Providing Context: System prompts can provide additional context that the model should consider when generating a response.

{
  "role": "system",
  "content": "You are an AI assistant helping a user with technical support for a software application."
}

Guiding Behavior: You can guide the model's behavior by specifying what it should or should not do.

{
  "role": "system",
  "content": "Do not provide any medical advice. If asked, suggest consulting a healthcare professional."
}

Injecting Instructions: System prompts can include specific instructions that the model should follow.

{
  "role": "system",
  "content": "Always start your response with 'According to our records,' 
  and end with 'Thank you for your inquiry.'"
}

Forcing JSON Format: You can instruct the model to return responses in a specific format, such as JSON.

{
  "role": "system",
  "content": "Please format your response as a JSON object with the following schema:
   { \"name\": \"string\", \"age\": \"number\", \"email\": \"string\" }."
}

Configuring System Prompts

You can configure system prompts in your connection settings. This allows you to define and manage the prompts that will be injected into your requests. The system prompts can be enabled to modify the request system prompt or disable it completely.

To add or manage system prompts, navigate to Connection -> Policies in your Dashboard.

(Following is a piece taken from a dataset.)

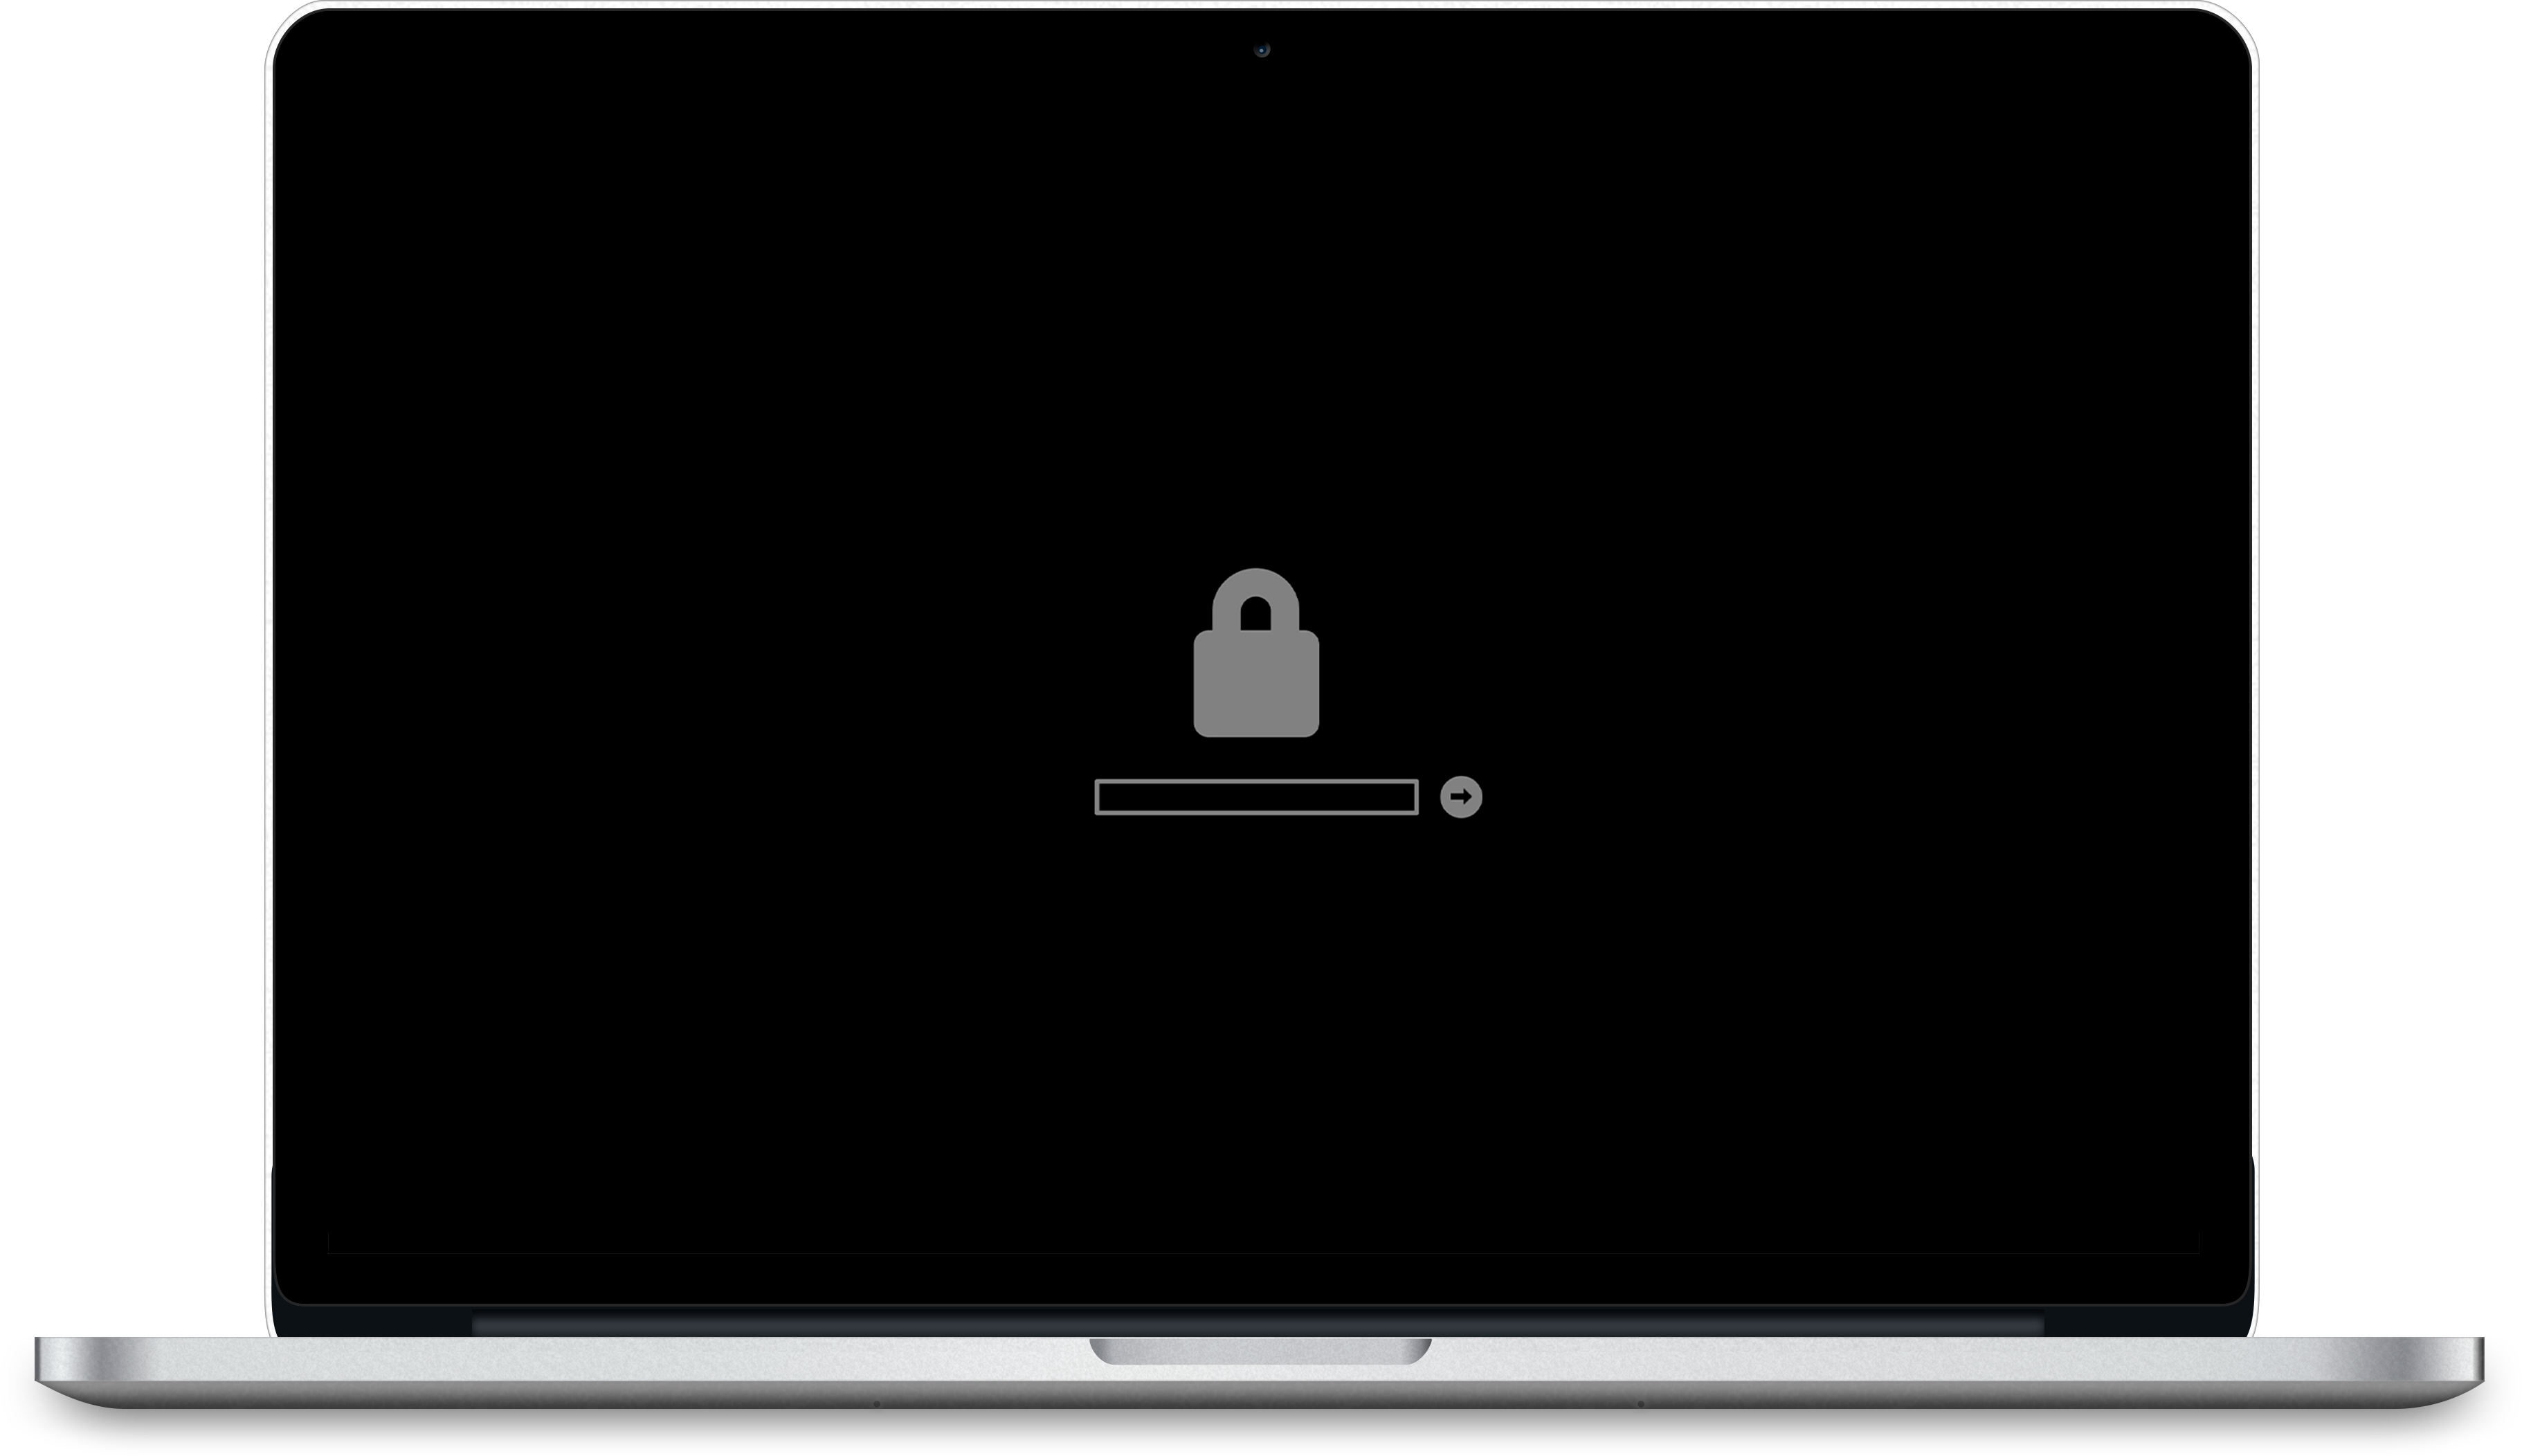 Mac EFI unlock Checkm8 Software
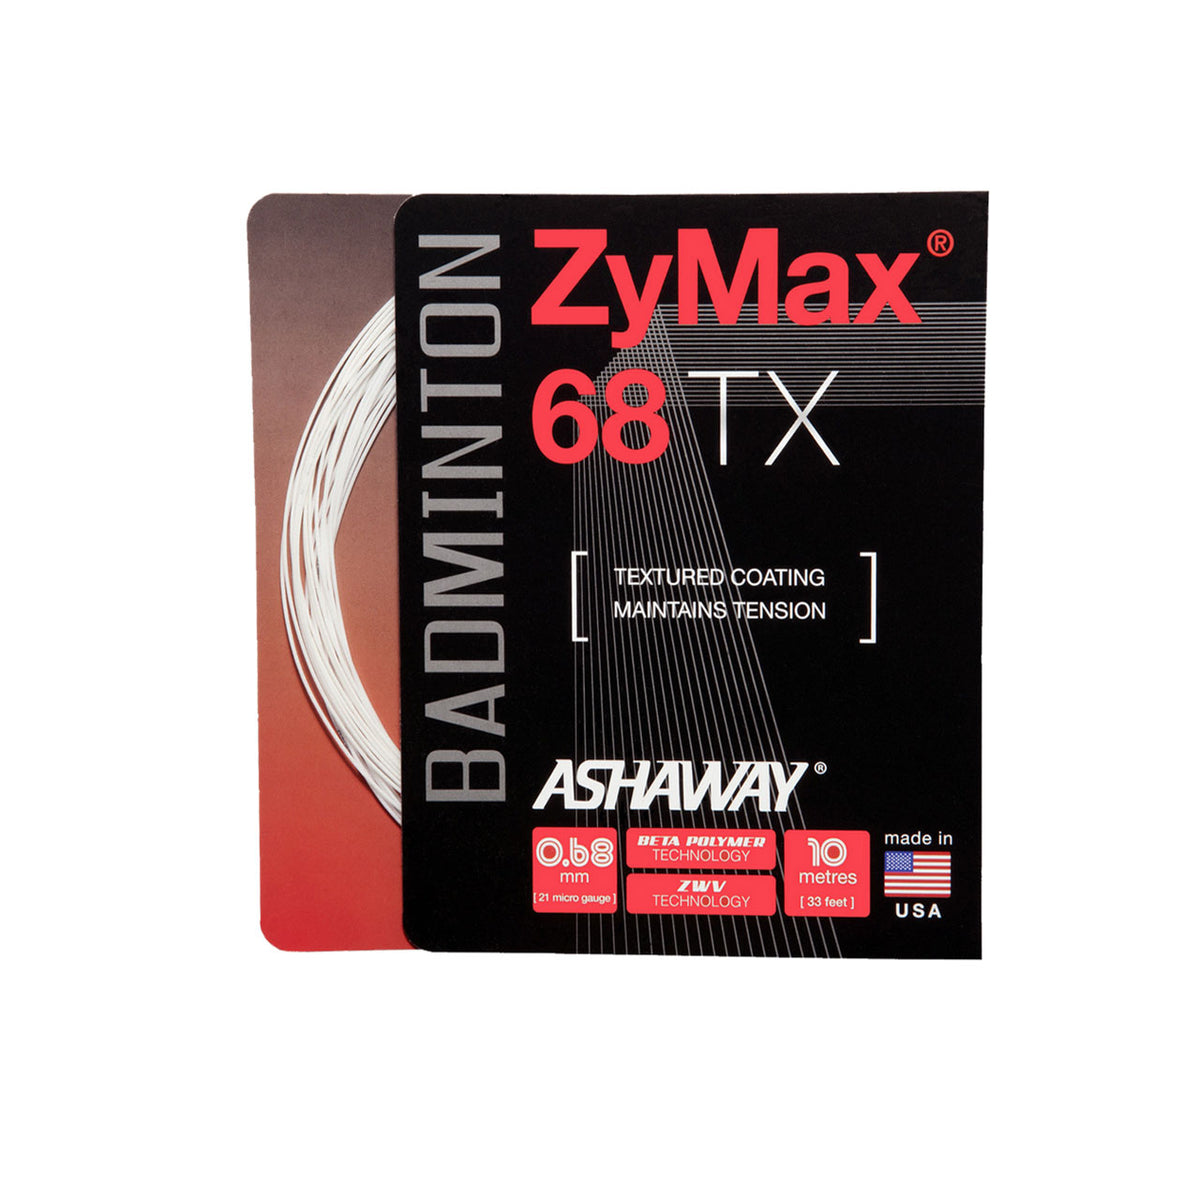 Ashaway Zymax 68TX String (10m Set) White

By using system prompts, you can ensure that your requests are handled in a consistent and controlled manner, enhancing the overall effectiveness and reliability of your application.

Request & Response Logging

Request and responses with their HTTP status and moderation status (if they are flagged for any policy and what was the outcome) are logged by default.

This feature is specific to logging request and response bodies you should only enabled this if you have a use case that requires it like regulatory auditing or or temporarily for debugging. you can enable request and/or response body auditing independently..

UsageGuard performs logging in the background to minimize any performance impact on your application. Note that there may be a slight delay between when the request is made and when the log becomes available.

Request-Level Logging

You can configure request and response logging from Connection -> Settings in your dashboard.

Potential Issues

While logging request and response bodies can be useful, it is important to be aware of the potential compliance and performance issues:

Compliance: Ensure that you are not logging sensitive information, such as Personally Identifiable Information (PII) or payment data, unless you have a specific use case that requires it.
Performance: Logging large request and response bodies can impact the performance of your application. Consider the trade-offs and implement logging selectively.

Use Cases

Here are some common use cases for logging request and response bodies:

Debugging: Capture the request and response bodies to troubleshoot issues and understand the flow of data in your application.
Compliance: Maintain an audit trail of request and response bodies to demonstrate compliance with regulatory requirements.
Monitoring: Monitor the request and response bodies to detect anomalies or suspicious activities in your application.
Analytics: Analyze the request and response bodies to gain insights into user behavior and improve your application.